(Input records Opens)

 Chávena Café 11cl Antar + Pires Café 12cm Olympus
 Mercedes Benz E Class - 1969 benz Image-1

(Input records Closes)
(Input records Opens)

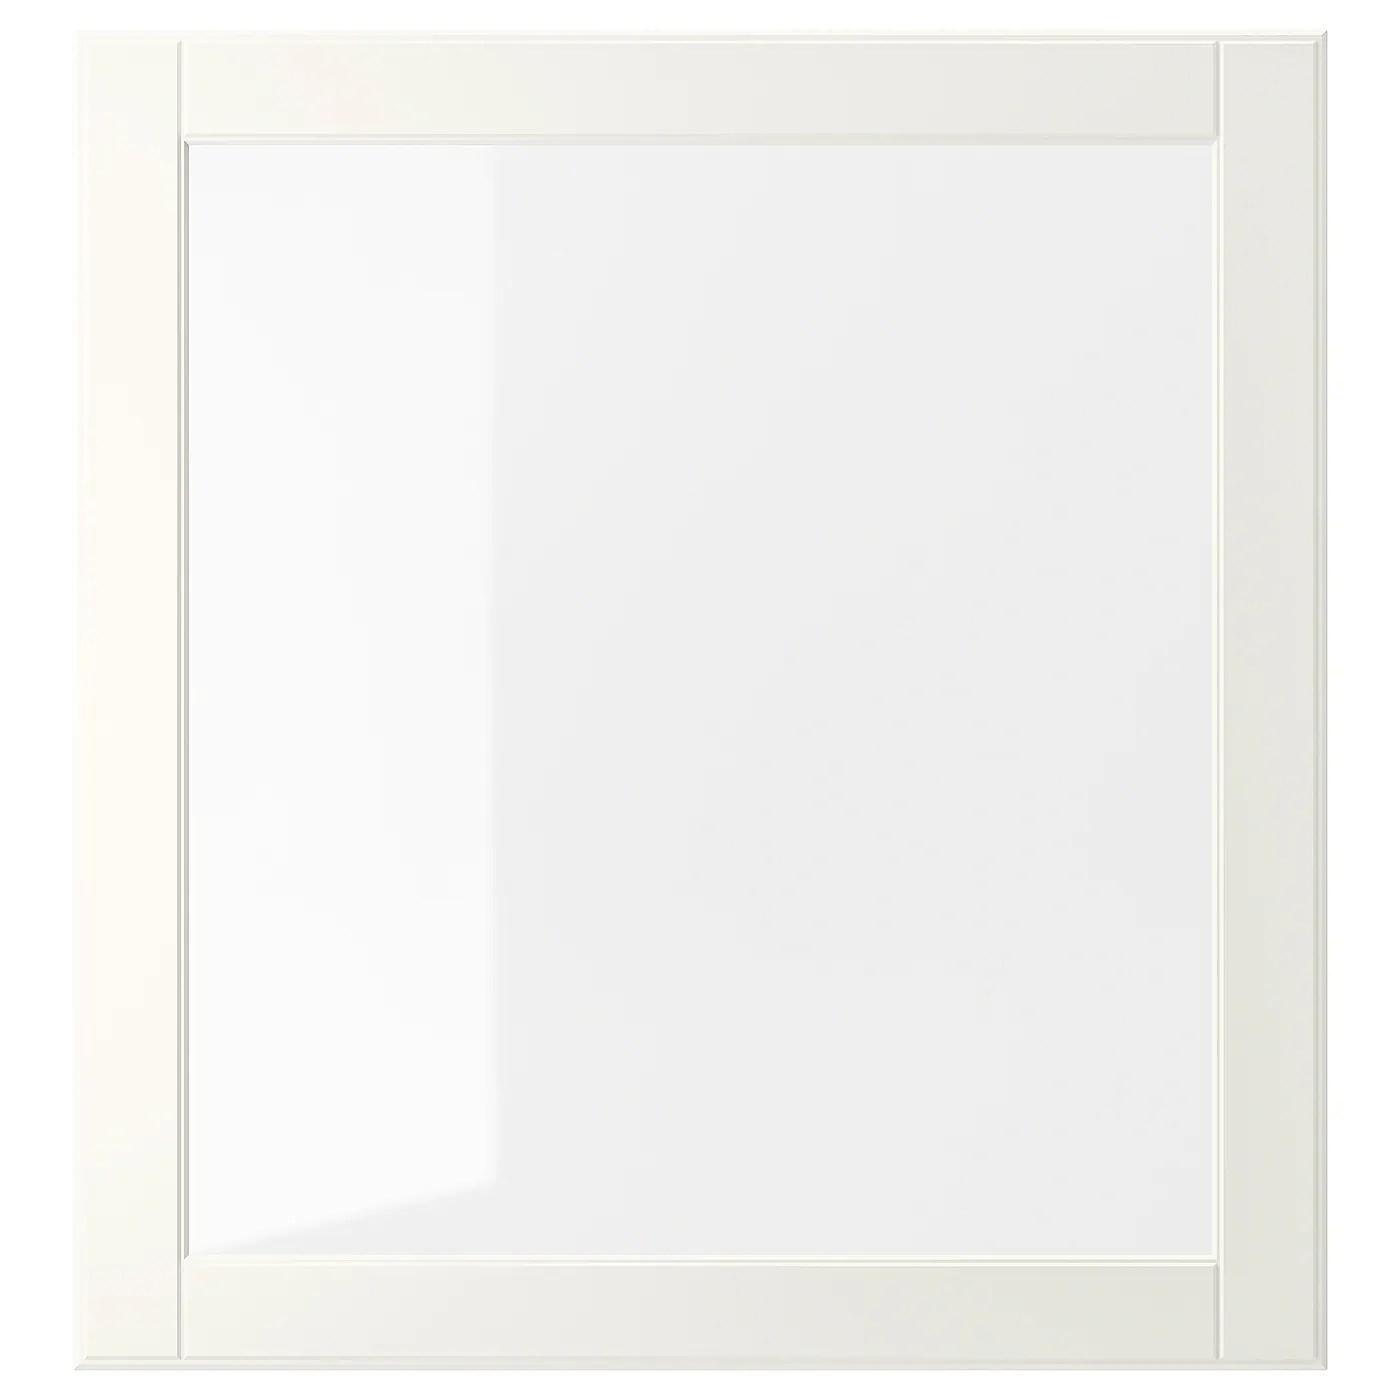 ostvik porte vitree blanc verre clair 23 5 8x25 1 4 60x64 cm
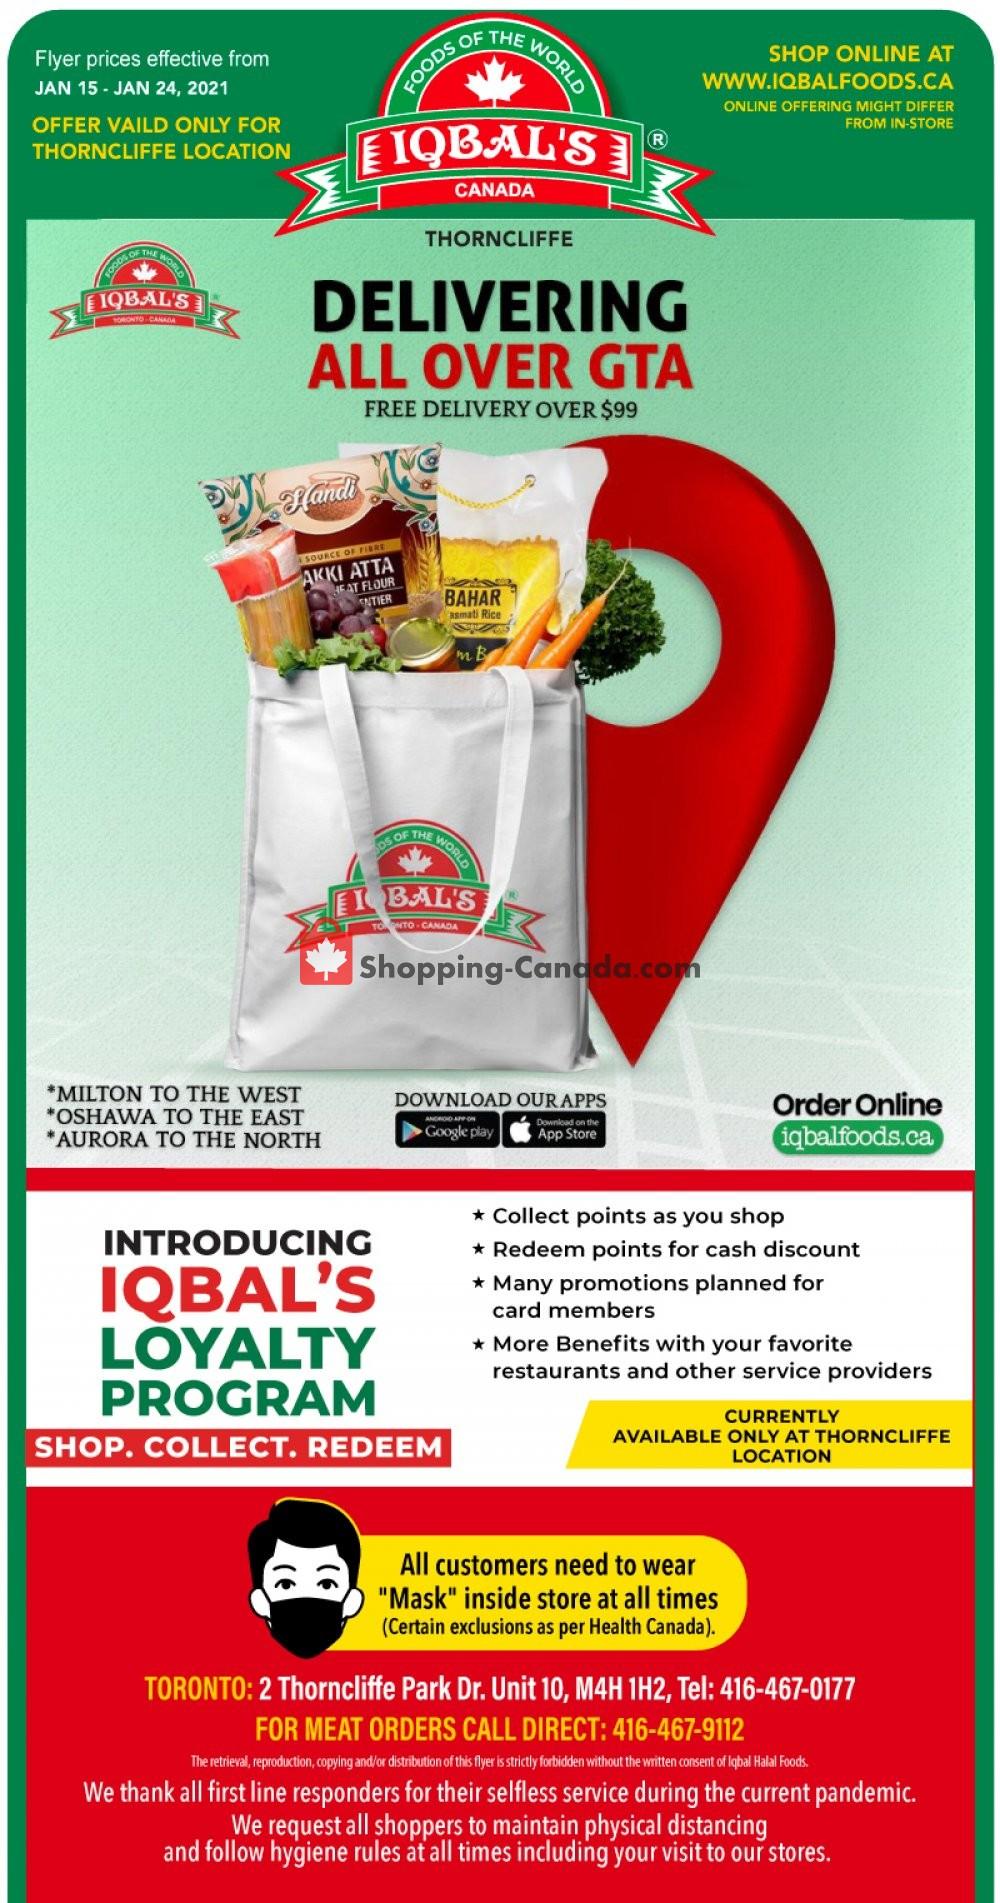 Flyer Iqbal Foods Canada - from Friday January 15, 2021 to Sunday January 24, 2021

(Input records Closes)

- [Problem to solve]: Every line above in the stretch from the one with "ostvik porte vitree" through the one with "Flyer Iqbal Foods" is to be transcribed exactly, ends included. No picture is copied.

- [Answer space]:
 ostvik porte vitree blanc verre clair 23 5 8x25 1 4 60x64 cm
 Flyer Iqbal Foods Canada - from Friday January 15, 2021 to Sunday January 24, 2021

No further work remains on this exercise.